A Nurse Ignored a Trans Man’s Pregnancy Symptoms—Then He Had a Stillbirth
He went to the ER with abdominal pain, but it took hours for anyone to realize he was in labor.
When a man arrived at the emergency room with severe abdominal pains, a nurse took note that he was obese and had stopped taking blood pressure medicine, but she didn't consider his case an emergency. Then, hours later, it became clear that the man was actually in labor. He was transgender, and like anyone who's about to have a baby, he needed medical care ASAP.
According to the case report in the New England Journal of Medicine, the 32-year-old's medical record listed him as a male, but he told the nurse he was transgender when he arrived at the hospital. He hadn’t had a period in several years and had been taking testosterone, which depending on the dosage can cause ovulation and menstruation to cease. But he had stopped taking the hormone as well as his blood pressure medication after he lost his health insurance.
He had used a home pregnancy test earlier that day and got a positive result, but he thought it might have been wrong. He also said that he "peed himself" that morning, which was likely his water breaking, or the amniotic sac rupturing, signaling labor. The nurse did order a pregnancy test, but she still marked him stable and his case non-urgent.

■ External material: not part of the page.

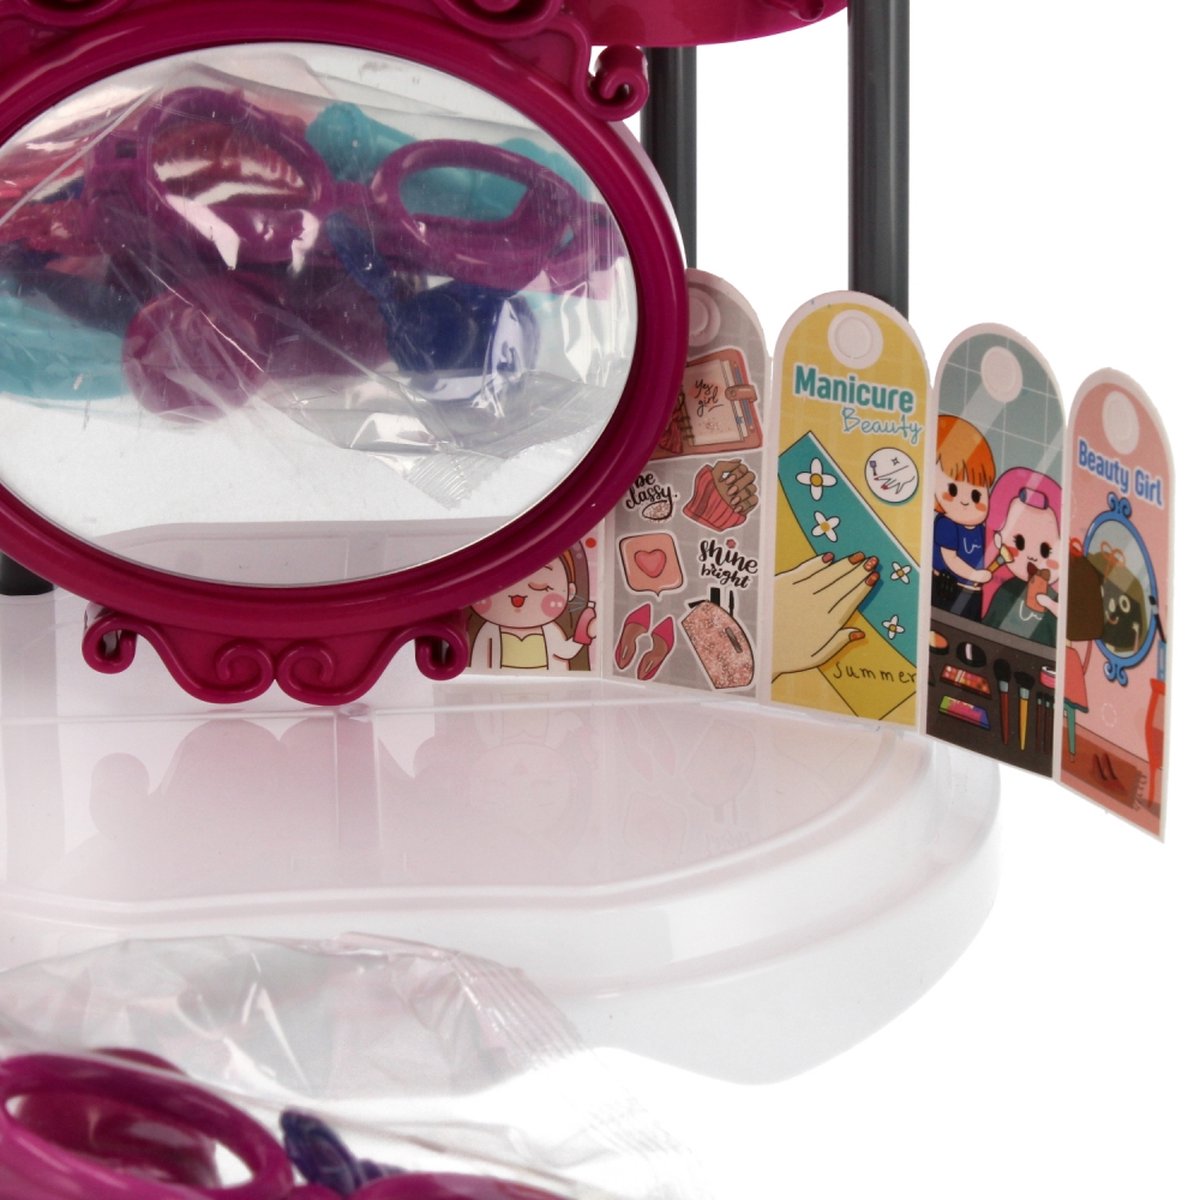 <tc>Ariko</tc>  Spielzeugkoffer Kosmetiksalon 30 Teile - Fön, Spiegel, Schminke, Parfüm und vieles mehr - praktischer Koffer zum Mitnehmen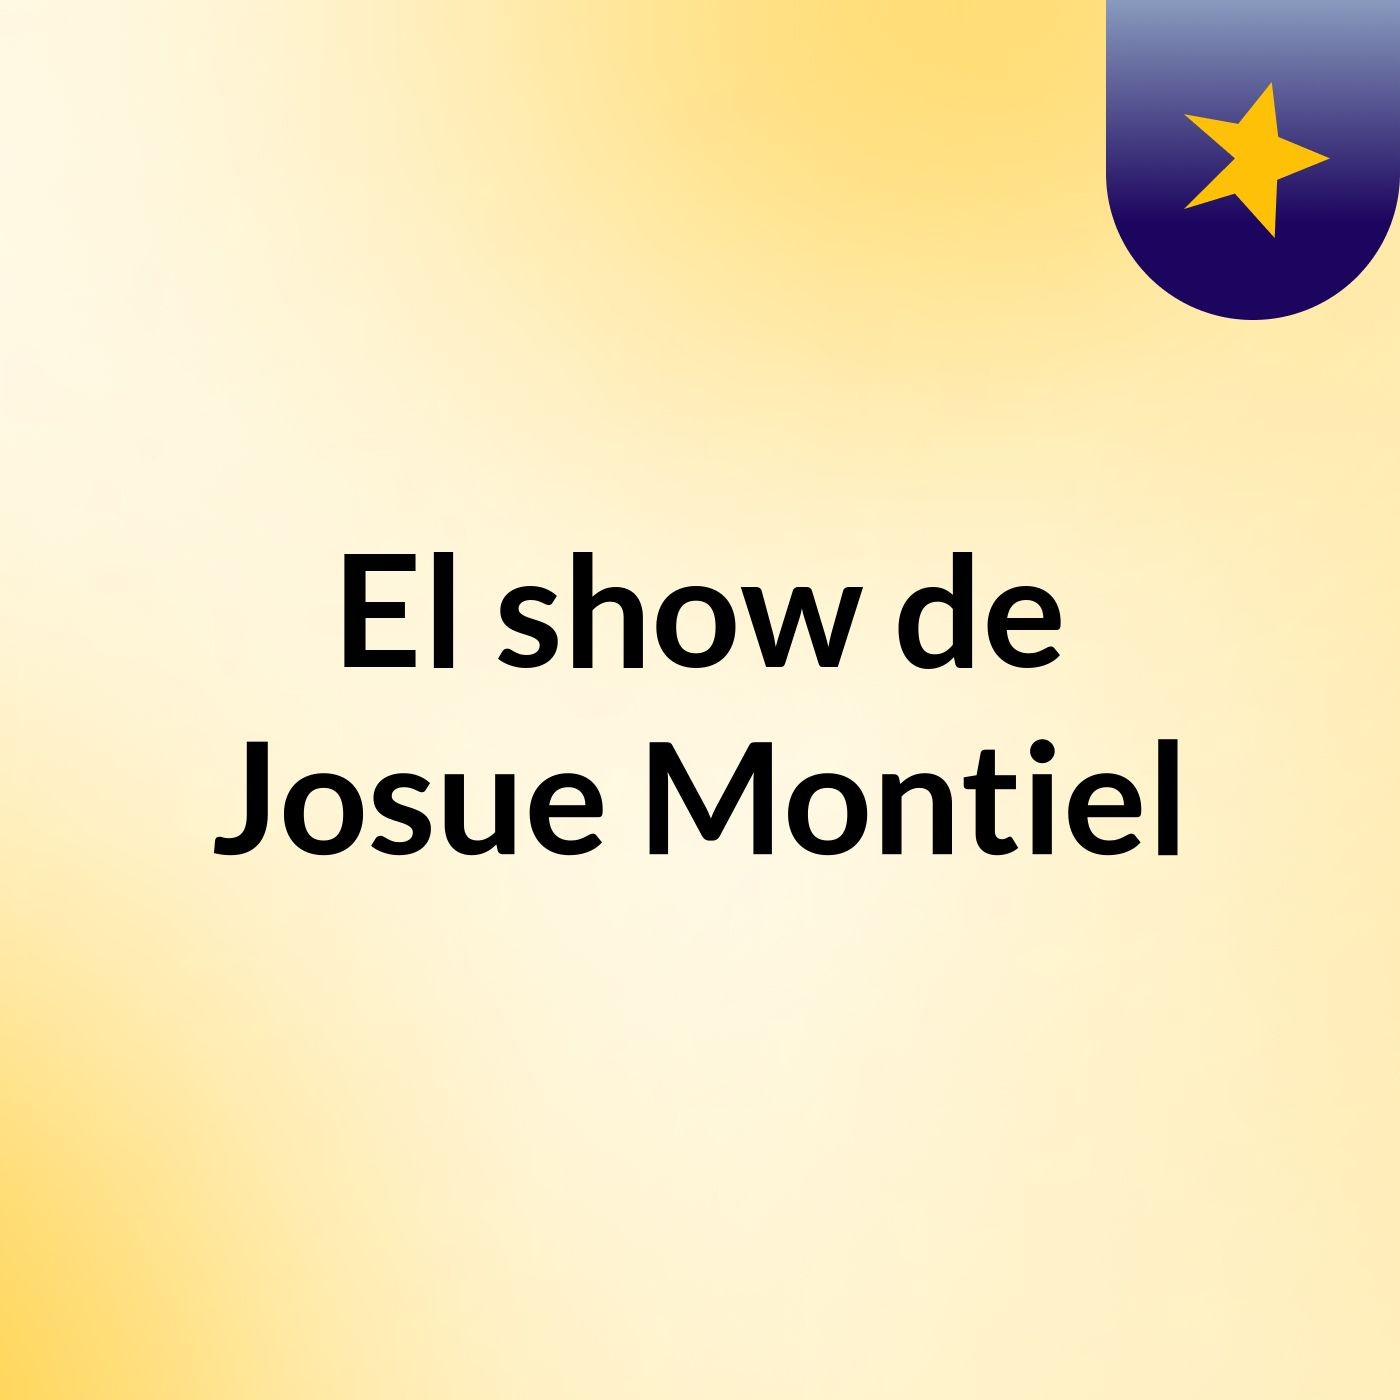 El show de Josue Montiel

A few hours later, a test confirmed he was pregnant, and when a doctor examined him, she noted that he was not only obese, but also had high blood pressure and possibly had a ruptured amniotic sac. That meant he could be in labor, have preeclampsia (dangerously high blood pressure when pregnant), or placental abruption (when the placenta separates from the uterus before delivery, which can be dangerous for the mother and baby). All of these conditions require urgent or emergency treatment.
After doing an ultrasound, doctors said it wasn't clear whether the fetus had a heartbeat, but an exam showed that part of the umbilical cord had slipped into the vaginal canal, putting the baby at risk. Doctors prepared to do an emergency cesarean delivery, yet no fetal heartbeat was heard once they were in the operating room. The man delivered a stillborn baby shortly after.
A woman showing up to the hospital with symptoms similar to this man “would almost surely have been triaged and evaluated more urgently for pregnancy-related problems,” the authors of the report wrote.
This authors of this case argue that the classification of gender in medical records is flawed. They note that transgender people should be able to legally change their sex for a number of reasons, "including safety, health insurance, employment, housing, and restroom use." Therefore, taking away transgender people's ability to legally change their sex is not the solution. However, making sure that all medical records include sex at birth, gender identity, and legal sex could help people get the care they need and deserve.